Issues indexing large dataset with mass indexer

We have used the mass indexer for a long time now with no issues. We are using the ElasticSearch implementation. We are in the process of scaling our data, and have started to notice some issues with the mass indexer. Before the holidays we had around 15m records, which would index in around 5 hours. Over the holidays we pulled in an additional 10m records and now the mass indexer causes out of memory exceptions and other issues.

From going through the debugger it appears like it is loading all primary keys (a unique 8-12 character string) into memory. To my understanding this should only be about 250Mb but JConsole is showing it at almost 3Gb of memory used. It takes about 10 minutes to get all of these, with a lot of GC runs in between. After that it starts indexing with the small amount of memory left. If we run it on our cloud environment it fails to index any, and normally just crashes after 10-20 minutes with an OOO exception.

Is there anyway we can get around having to load all of the primary keys into memory, as this will just become more of a problem as we scale further.

The call to the MassIndexer for reference

fullTextEntitymanager.createIndexer(Object.class).typesToIndexInParallel(1).batchSizeToLoadObjects(75).cacheMode(CacheMode.NORMAL).threadsToLoadObjects(32).idFetchSize(150).progressMonitor(indexMonitor).startAndWait();

We have also tried setting all of the parameters to 1, but the same issue occurred.

Hibernate: 5.4.24.Final
Hibernate Search: 5.10.4.Final

Hello,

The MassIndexer definitely doesn’t try to load every IDs first, then process them: it does both in parallel. Identifiers are not loaded all at the same time, but rather by batches of 150 IDs, with a limit of 1000 batches. So, at any time, you won’t have more than 150,000 IDs in memory. Also, batches of IDs are processed as they are fetched, in a parallel thread.

I’m not sure where your OOM exception comes from, but I’d be surprised if it was related to IDs.

The fact that you’re still getting an OOM with all parameters set to 1 is interesting… Obviously that’s not a useful configuration as it will be super slow, but it definitely should have a low memory footprint.

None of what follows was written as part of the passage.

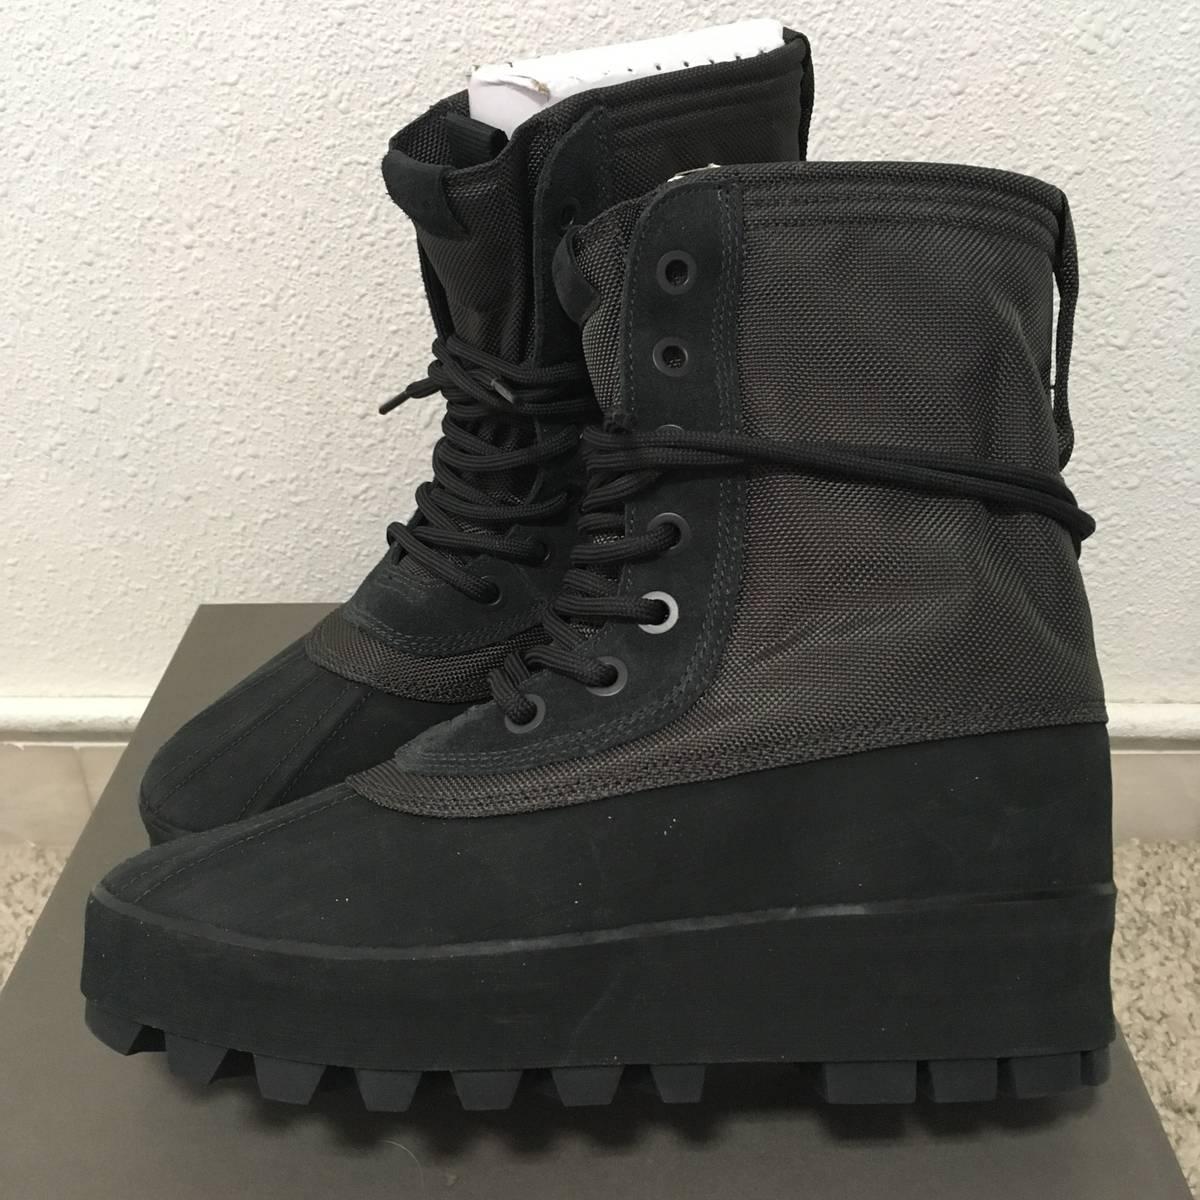 6908e06e4e8 Adidas × Kanye West Yeezy 950 M Pirate Black Size 7.5 $430

There may be a problem with your mapping? Some eager or @IndexedEmbedded association that, in your new data, happens to point to thousands of entities, and thus triggers a lot of database operations even though just one entity is being indexed?

I suggest you check the SQL queries being run, either through Hibernate ORM logs or the logs of your DBMS. If one single query is returning thousands of rows, that’s your problem right there.

Another way to tackle the issue is to take a memory dump and use a specialized tool to try to infer what is taking up so much memory. But it will probably be hard to make sense of all this data.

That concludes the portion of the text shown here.